The courts already found the driver responsible and convicted him... why the insurance company hasn't been forced to acknowledge this is anyone's guess.

[–] nybble41@programming.dev 3 points 1 year ago (1 children)

It's a case of overlapping coverage. Her personal insurance company isn't disputing that the uninsured driver was responsible. They're arguing—not unreasonably—that the organizer of the event is more directly responsible for damages incurred while participating in their event (after the driver, naturally), so their insurance should cover the expense.

No one likes to be caught in the middle of something like this, but at the same time it would be irresponsible of the insurance company, toward both their investors and their other customers, to simply pay out without question when someone else should be paying.

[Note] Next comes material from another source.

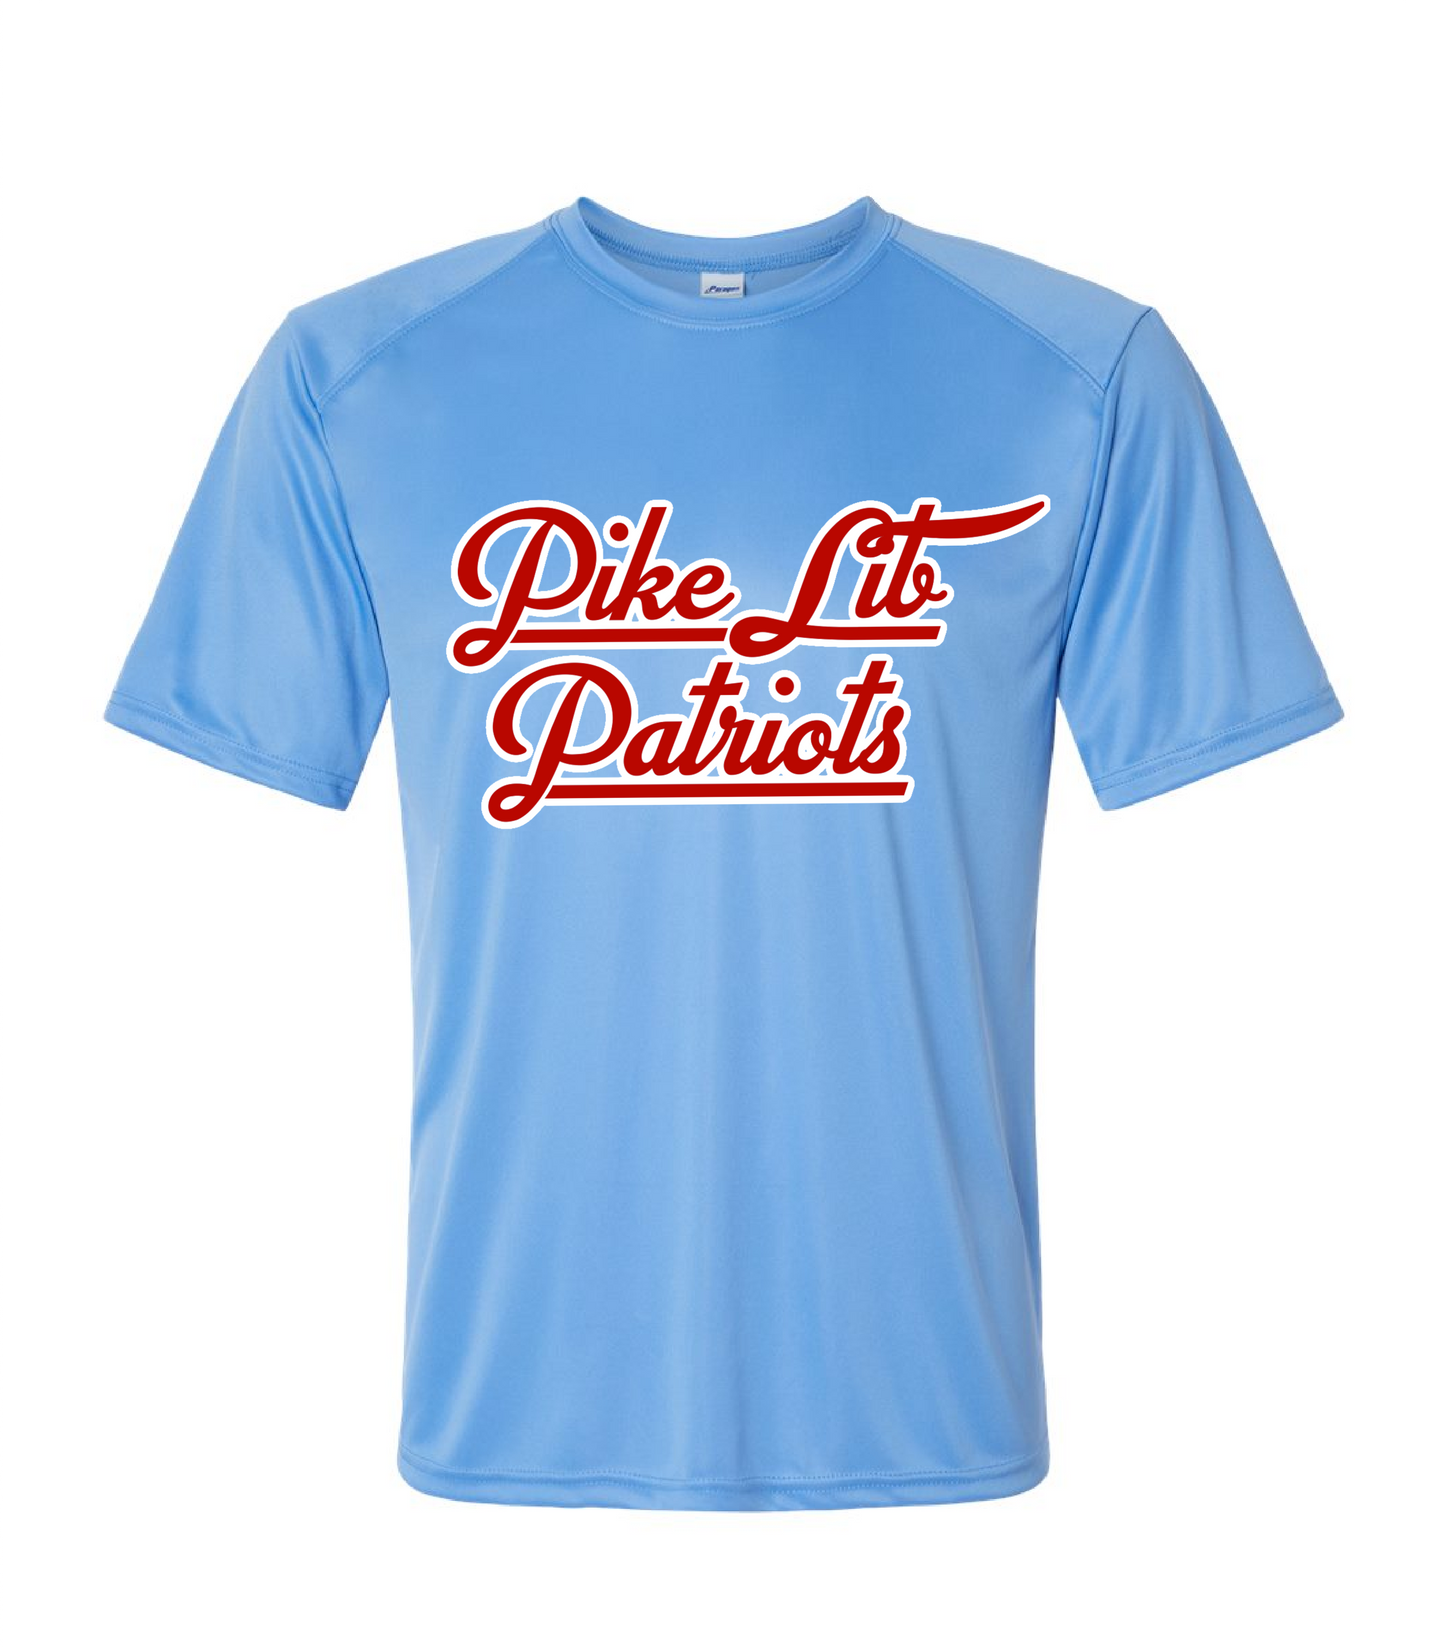 Long or Short Sleeve/ Dryfit or Soft Style Bella Pike Lib Patriots Shirt

[–] Showroom7561@lemmy.ca 3 points 1 year ago

If that's the case, then the only insurance company left is hers. The one she pays for.

She shouldn't have to wait years for a resolution.

[–] avidamoeba@lemmy.ca 6 points 1 year ago (1 children)

Getting mild Mr Bates vs The Post Office vibes from this article.

[–] SpruceBringsteen@lemmy.world 2 points 1 year ago

No, that's just normal insurance things.

[–] EdanGrey@sh.itjust.works 1 points 1 year ago

While I think this is bonkers, the organisation and the charity should ideally both have insurance too. I'm a trustee for a charity that organises marathons for fundraising and we have insurance partly in case the worst happens.